I came to love Cash in the last few years before his death and the dozen since, more than I ever really appreciated him through the bulk of his legendary career (granted much of it was "before my time").

So although I now relish "I Walk the Line," "Ring of Fire," "Sunday Morning Coming Down" and much of his earlier oeuvre, I fully embraced the late-career, largely cover songs of his American Recordings albums that the Joffrey principally utilized.

And beyond the wondrous dancing, I was able to even further appreciate the brilliance of Cash's cover interpretations, on the Beatles' "In My Life," "Sam Hall"--an English folk song he recorded in both 1965 and 2002--the more recent folk classic "Four Strong Winds," Gordon Lightfoot's "If You Could Read My Mind," Nine Inch Nails' "Hurt" and Bruce Springsteen's "Further on Up the Road," which also abetted my regard for my greatest musical hero, given that it's a relatively lesser-known song from The Rising that Cash imbues with an extra level of sagacity.

Far be it from me to be able to intelligently assess the finer points of ballet, but I really loved what I saw and heard.

Joanna Wozniak--cited in the program as being from Rolling Meadows and the only Chicago area native in the current troupe that includes dancers from Turkey, the Republic of Georgia, Brazil, Australia, Cuba and many other places around the world and U.S.--was accompanied by Derrick Agnoletti, Edson Barbosa and Fernando Duarte.

Though the dance interpretations to the songs weren't primarily acute, I enjoyed how the quartet replicated horse trots on "Four Strong Winds," matched the "a-swingin' I must go" lyric of "Sam Hall" with swinging steps and, most dramatically, to Cash's phenomenal take on "Hurt," portrayed the pain addiction inflicts not only on the user--as deftly embodied by Barbosa--but those who try to provide help, support and love.

It seems probable I won't ever see The Man in Black piece again, at least by a world-class ballet troupe, so I'm especially glad I did.

The third and final number of Unique Voices--titled Tulle, choreographed by Alexander Ekman and featuring numerous dancers including Rocas in a prominent role--was also fascinating and fantastic.

Staged by Marie-Louise Sid-Sylwander and Joakim Stephenson, with some rather haunting music by Mikael Karlsson, Tulle is--per the program notes--"a loving commentary on ballet where Alexander Ekman explores the coded world of classical ballet ... [and] enables the audience to rethink the way in which we perceive ballet."

There is a large cast of dancers in tutus, but also the sounds of a static-laden radio broadcast and video screens that at time show ballerinas speaking candidly about their art--and fears.
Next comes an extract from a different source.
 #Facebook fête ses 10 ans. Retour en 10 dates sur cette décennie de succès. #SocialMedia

"What if they laugh at me; what if they throw tomatoes at me; I have a love/hate relationship with my point shoes," impart a pair of dancers, one of whom I'm pretty sure was Christine Rocas.
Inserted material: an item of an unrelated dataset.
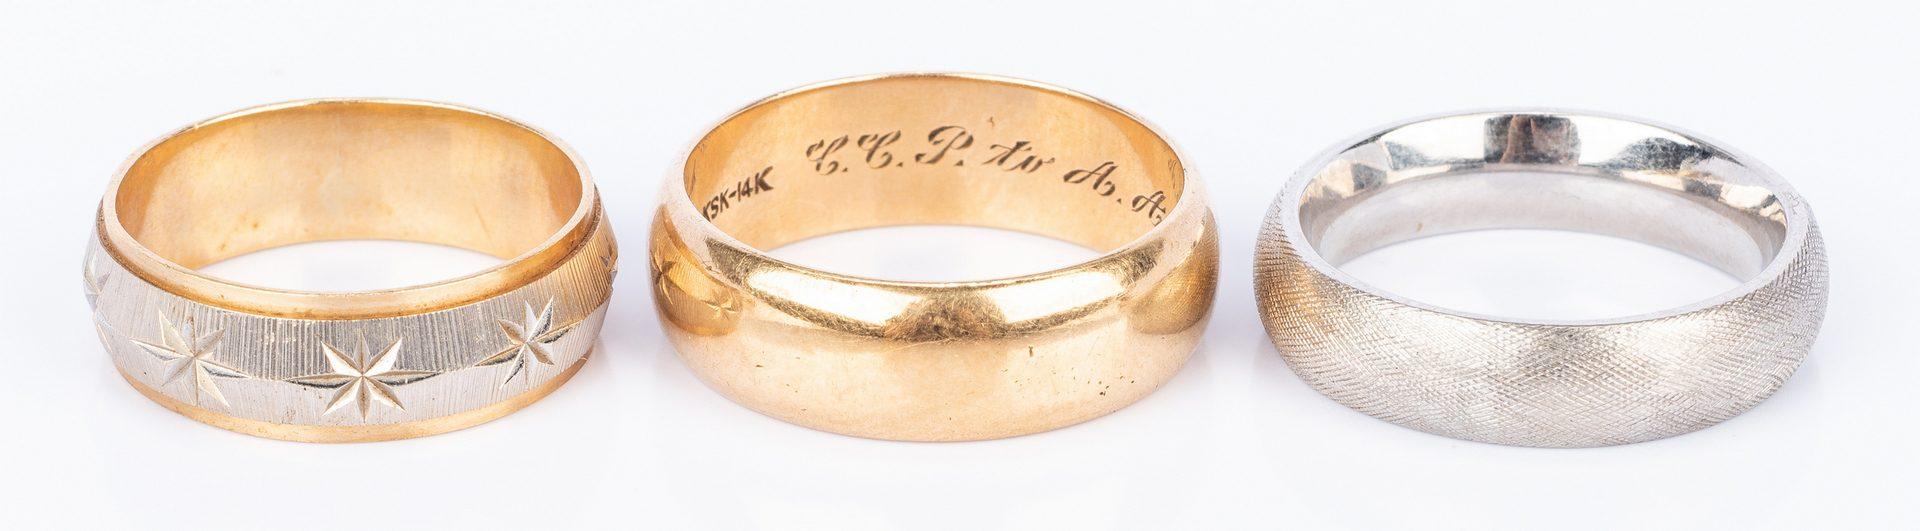 Lot 436: Group of 11 pcs 14K gold Jewelry, incl. Masonic

The unique A/V accoutrement to Tulle also served to enlighten that ballet began as a social dance form--not a theatrical one--done by aristocrats at official functions as proof of their stature, with King Louis XIV of France said to have been an excellent ballet dancer.

Tulle also had a segment centered around a circus couple enacted by Ogulcan Borova and Amanda Assucena, with the latter pirouetting at least 25 straight revolutions at one point in the most demonstrably impressive spectacle of the entire show.
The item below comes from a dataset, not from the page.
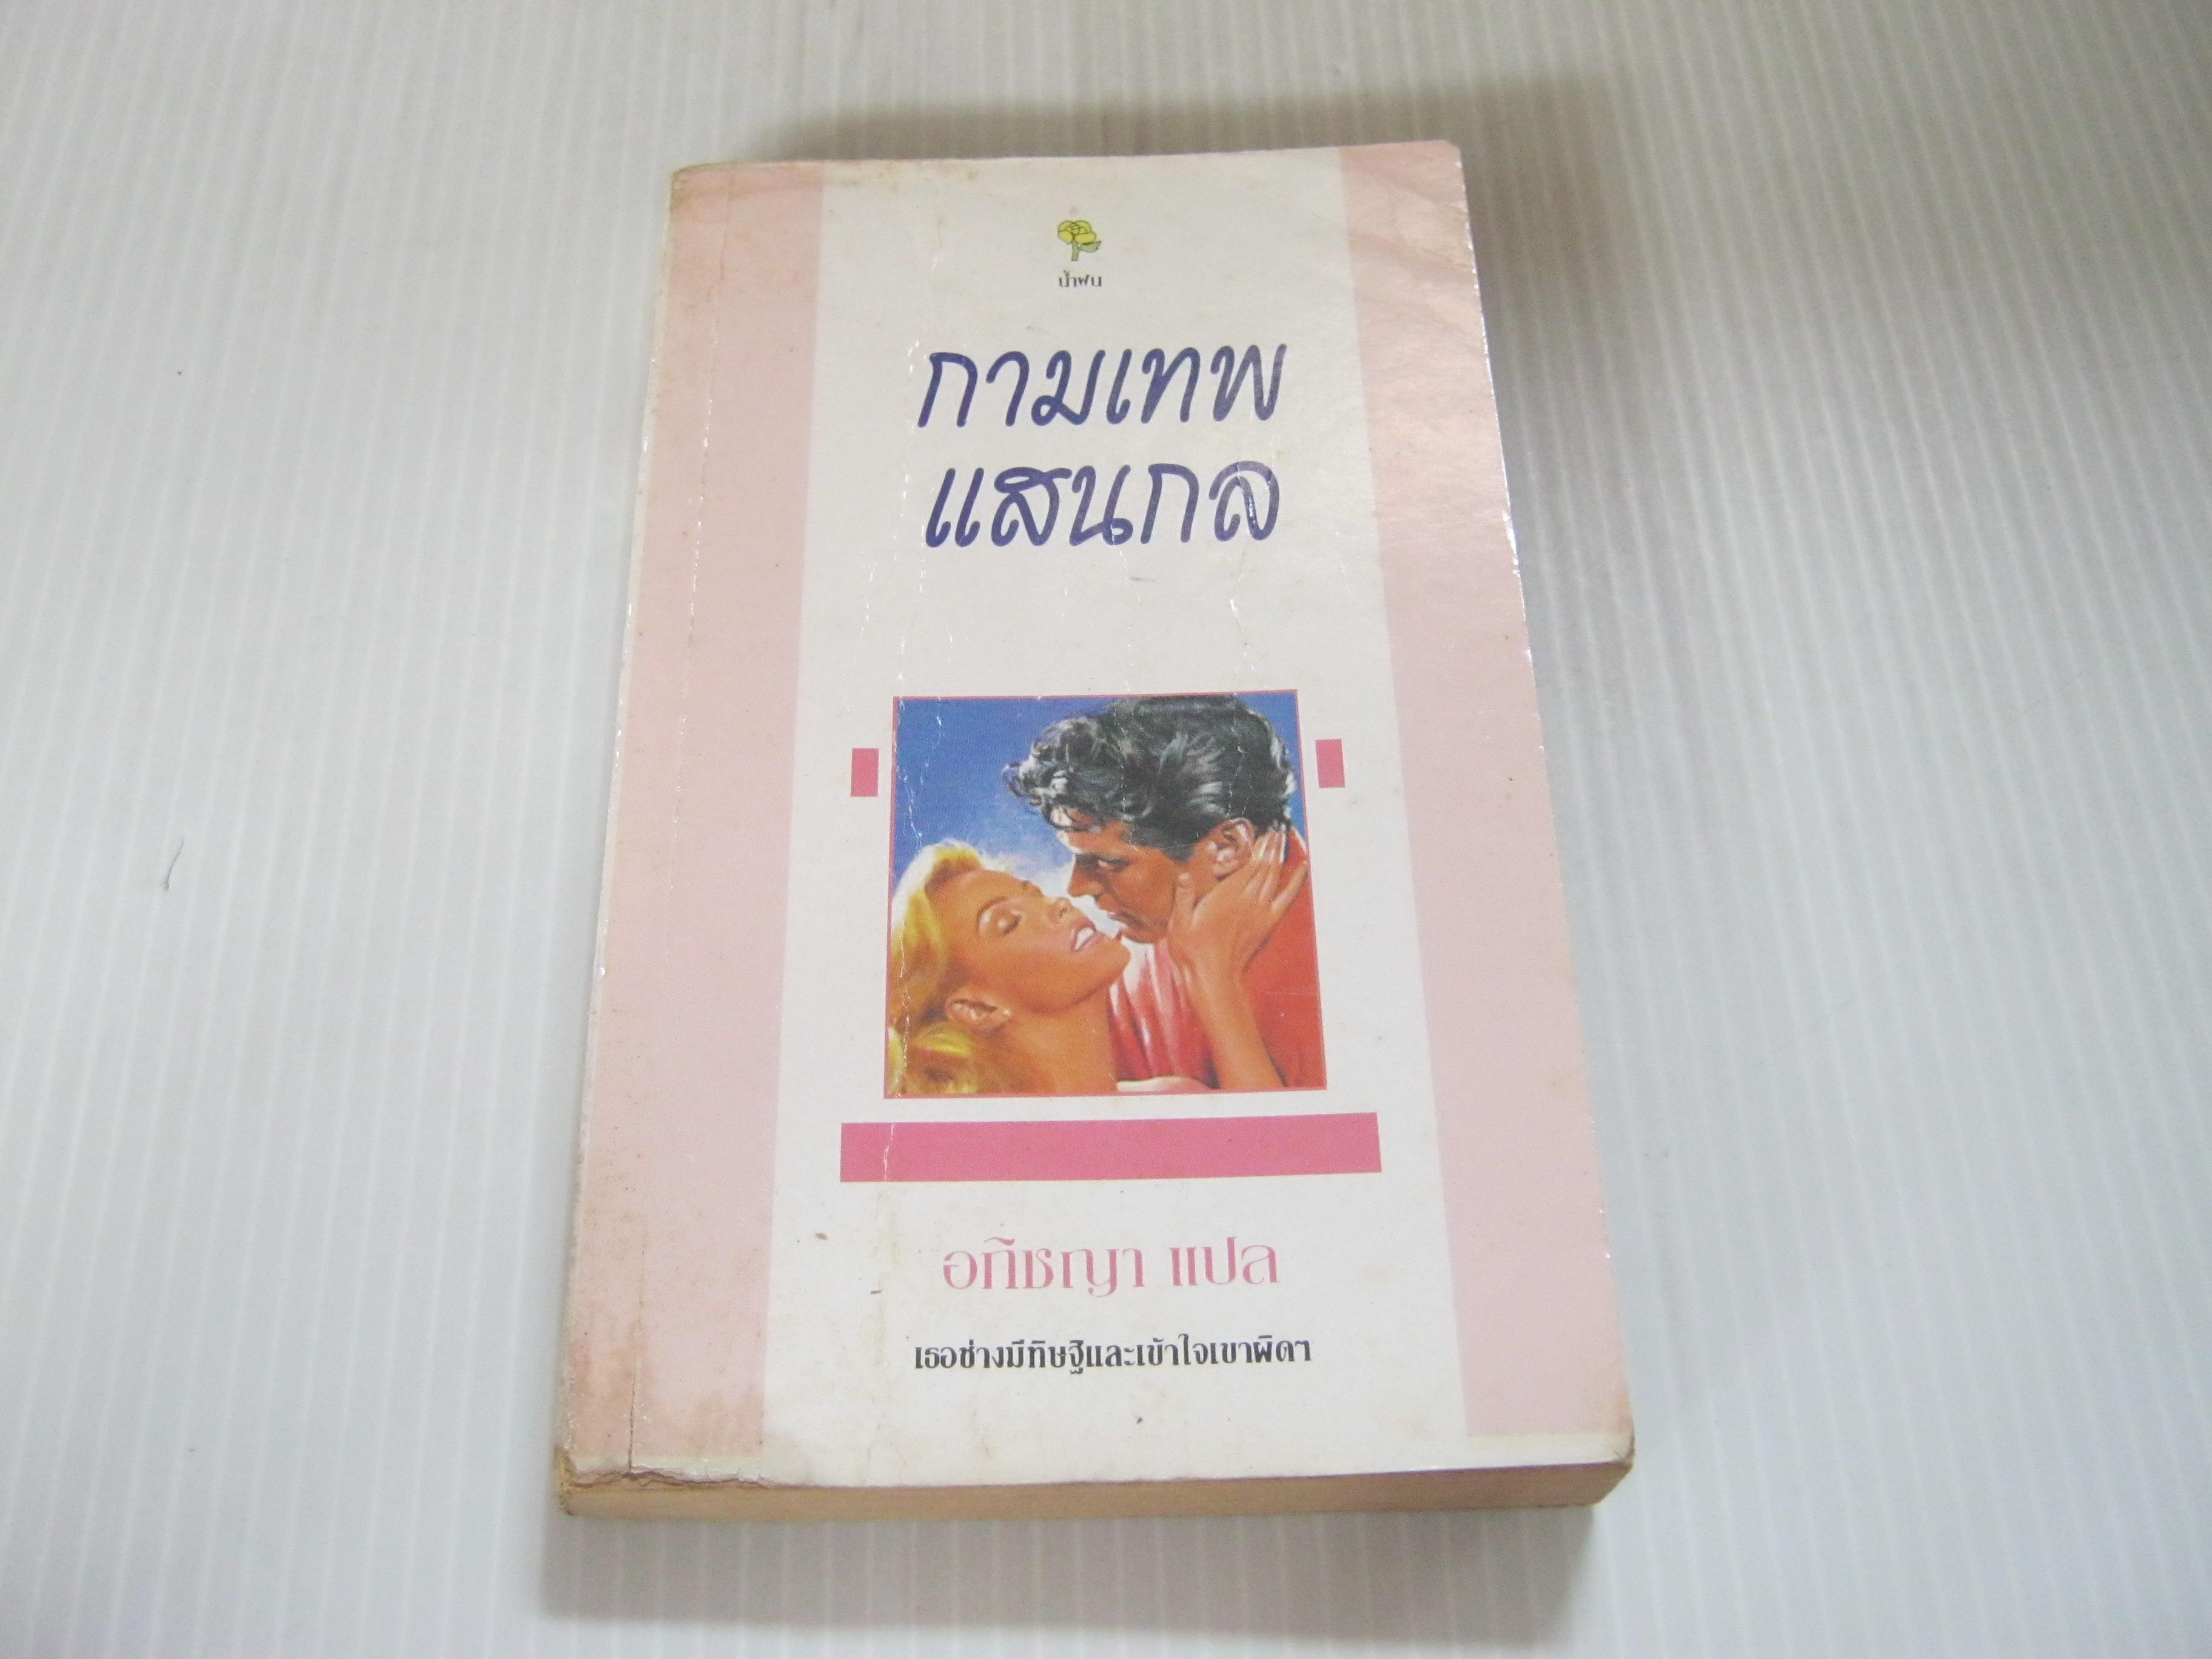 กามเทพแสนกล ชาร์ลอตต์ แลมป์ เขียน อภิชญา แปล

Altogether, the 2-hour performance--inclusive of two 15-minute intermissions--was rather scintillating.

I effusively bestowed a standing ovation at the end of Tulle--in appreciation for it and the earlier pieces--but was puzzled as to why I was in the vast minority of those, aptly, given what we had witnessed, on their feet.

When opportunity allows, I certainly wouldn't mind viewing a full-work ballet such as Swan Lake, Romeo and Juliet or, once again, Giselle or The Nutcracker.

But for what I surmise to be described as contemporary ballet, with innovative pieces fueled by the imagination of gifted choreographers, stagers and dancers, Unique Voices spoke to me in a powerful way.

So while I still doubt I will become a ballet regular, Joffrey subscriber or dance aficionado, I hope it's sooner than later that I come back to take another spin.